**PROVIDED MATERIAL:**
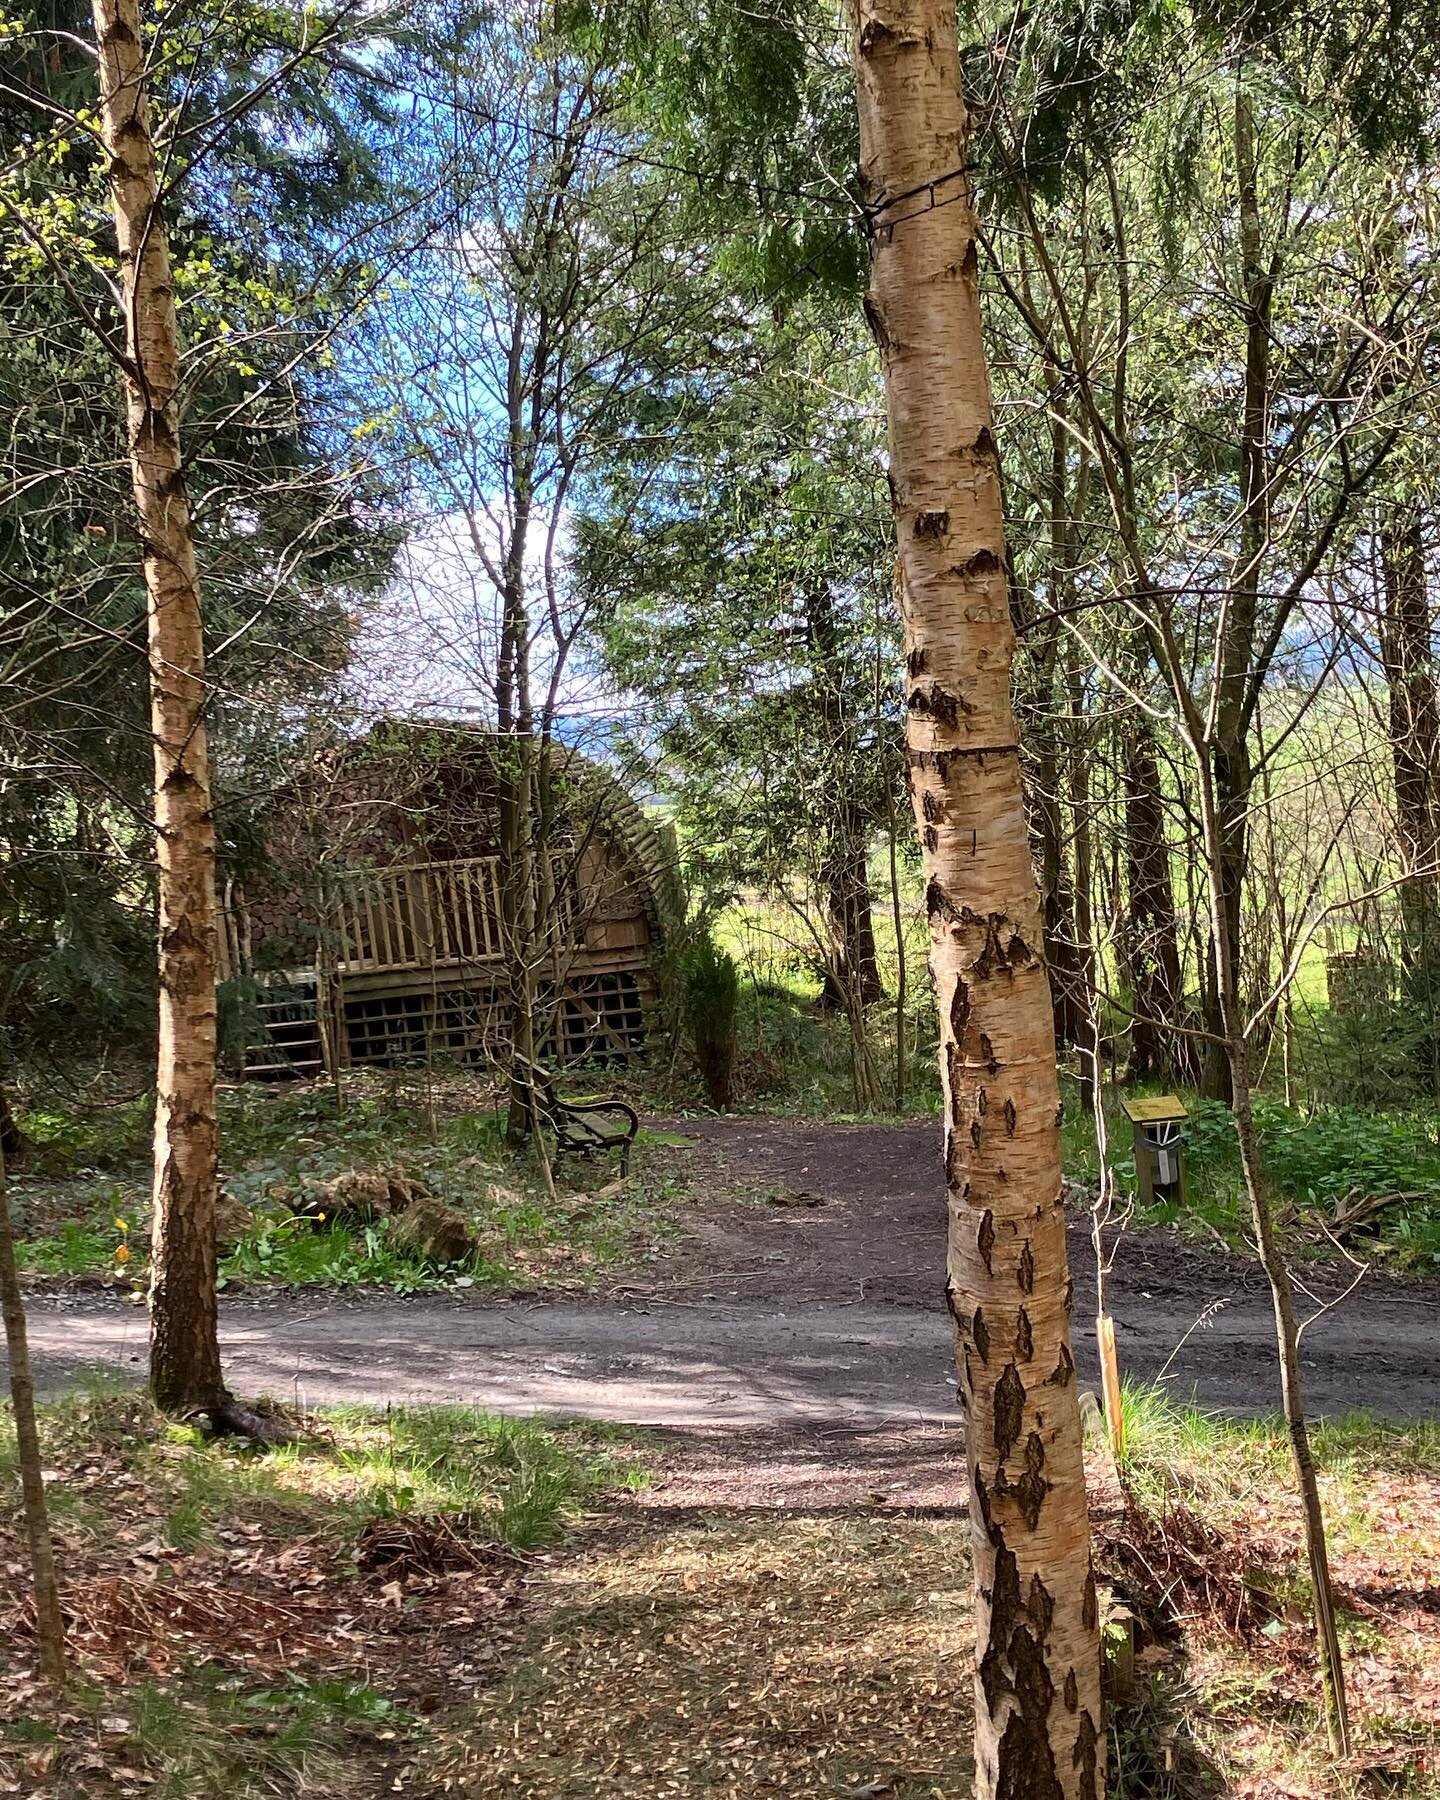 That&rsquo;s us all ready for todays weekend arrivals. We hope you all have a great bank holiday whatever you get up to.
#bankholiday #bankholidayweekend #glamping #glampinglife #glampinginthewoods #glampingpod #cabin #cabininthewoods #weekendinwales
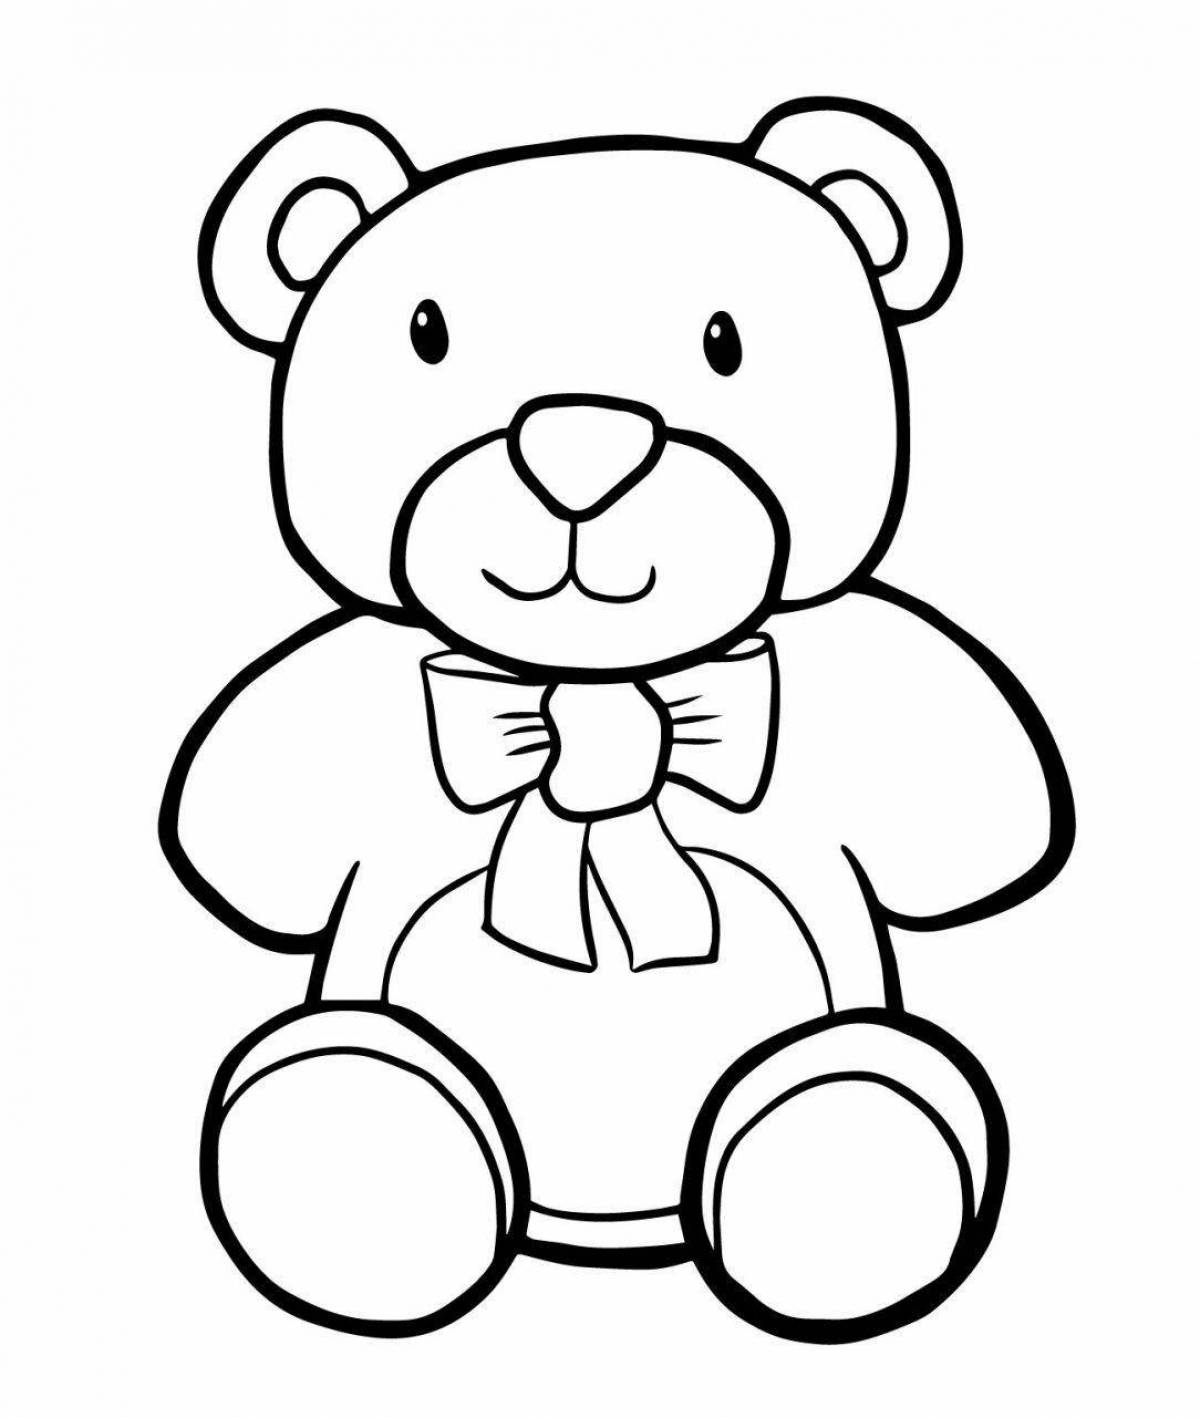 Live teddy bear coloring book for 5-6 year olds

**EXERCISE BRIEF:**
When copying the listing, print each line exactly but leave out every picture.

**SOLVED EXERCISE:**
 That&rsquo;s us all ready for todays weekend arrivals. We hope you all have a great bank holiday whatever you get up to.
#bankholiday #bankholidayweekend #glamping #glampinglife #glampinginthewoods #glampingpod #cabin #cabininthewoods #weekendinwales
 Live teddy bear coloring book for 5-6 year olds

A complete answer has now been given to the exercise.